Executives at MasterCard have regular meetings about managing the company’s so-called trapped cash, Martina Hund-Mejean, CFO, said at a tax conference in Washington last month. MasterCard, based in Purchase, New York, processes transactions from more than 210 countries and territories and earned 39 per cent of its revenue in the US in 2013. The company reported $3.5 billion in accumulated profits outside the country that haven’t been taxed by the US, up from $2.6 billion a year earlier.

The bulk of the offshore profits are held by a relatively small number of companies. The top 22 companies in the analysis have more accumulated earnings outside the US than the other 285 combined.

James Sciales, a spokesman for IBM, didn’t respond to requests for comment. Apple pointed to May 2013 congressional testimony submitted by CEO Tim Cook, who said the company doesn’t use “tax gimmicks” and supports comprehensive tax code changes that might raise the company’s taxes.

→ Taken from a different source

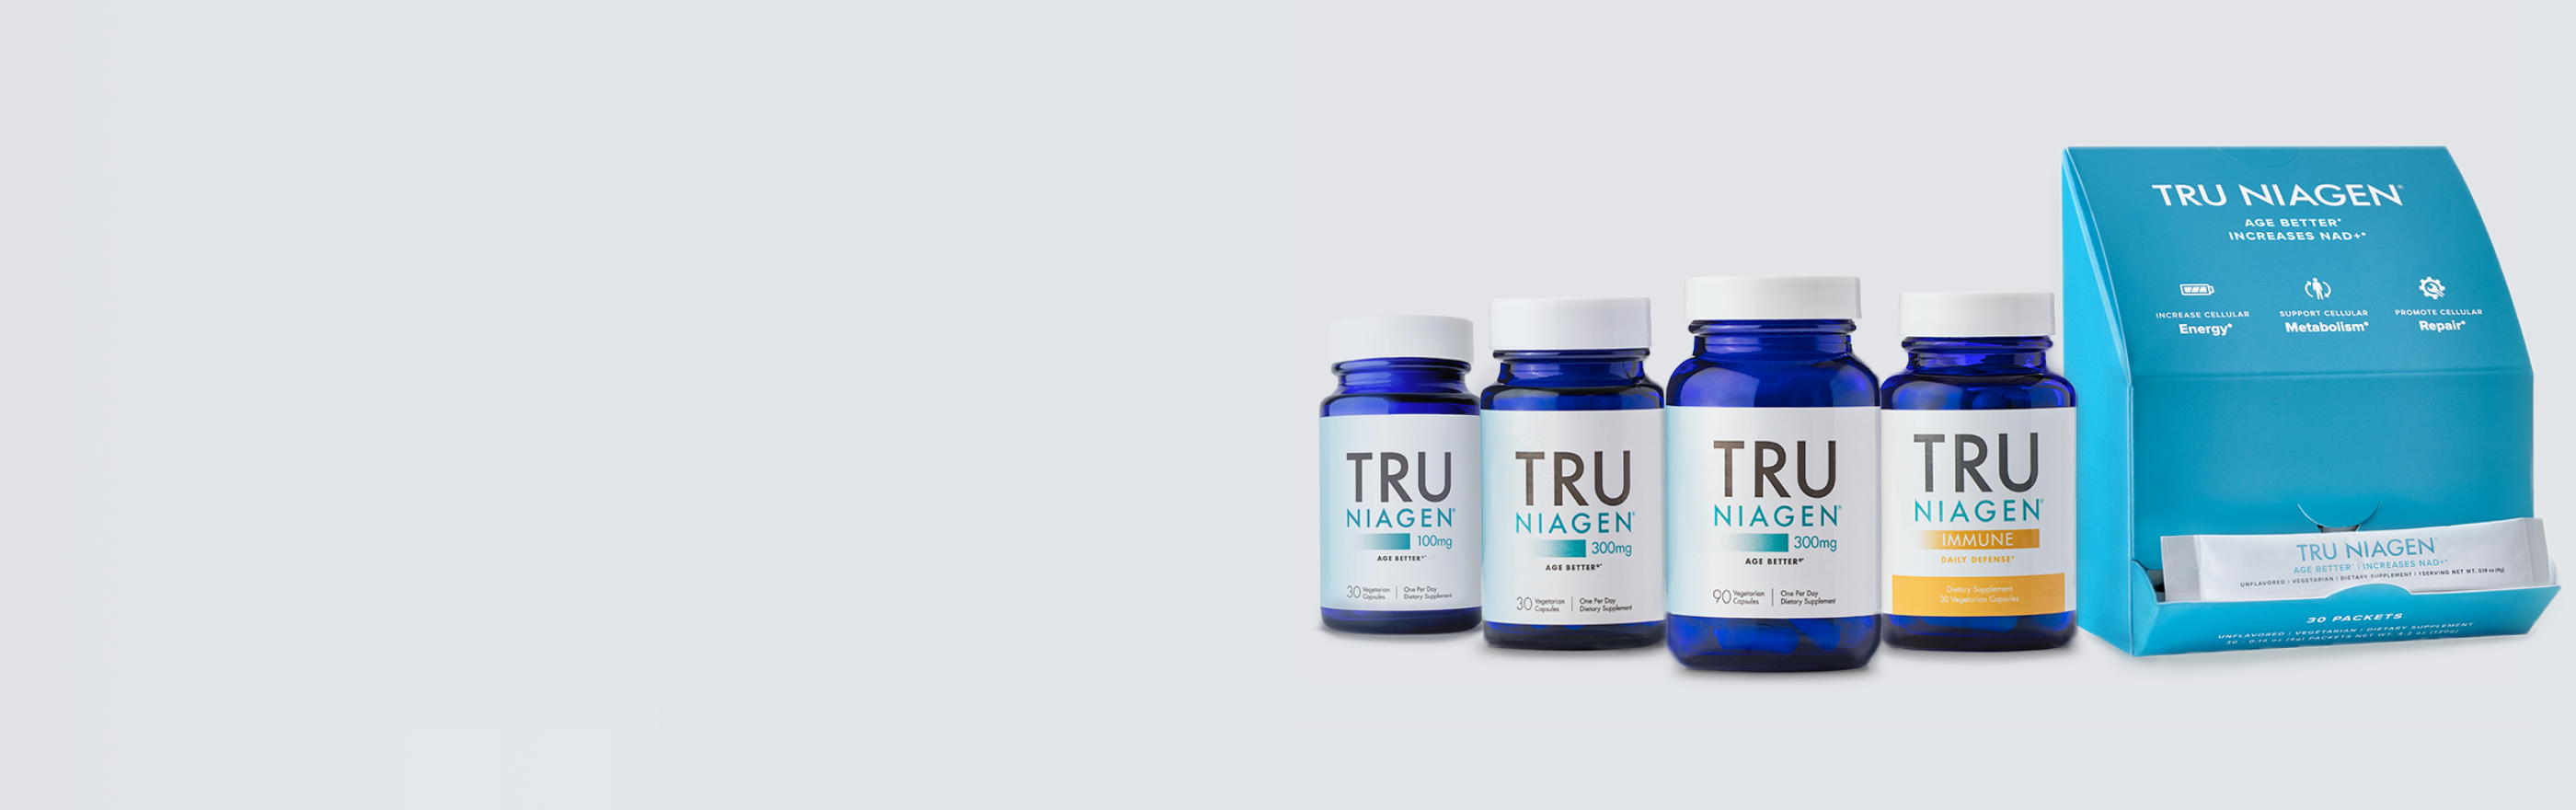 Tru Niagen 300 mg in two bottle sizes and in stick pack form

Microsoft’s Bill Sample, corporate vice-president for worldwide tax, said in September 2012 congressional testimony that the company complies with tax laws. He said the company’s “tax results follow from its business, which is fundamentally a global business that requires us to operate in foreign markets in order to compete and grow.”

US companies owe taxes up to a 35 per cent rate on profits they earn around the world. They pay taxes in foreign countries and receive credits they can use to offset their payments to the Internal Revenue Service.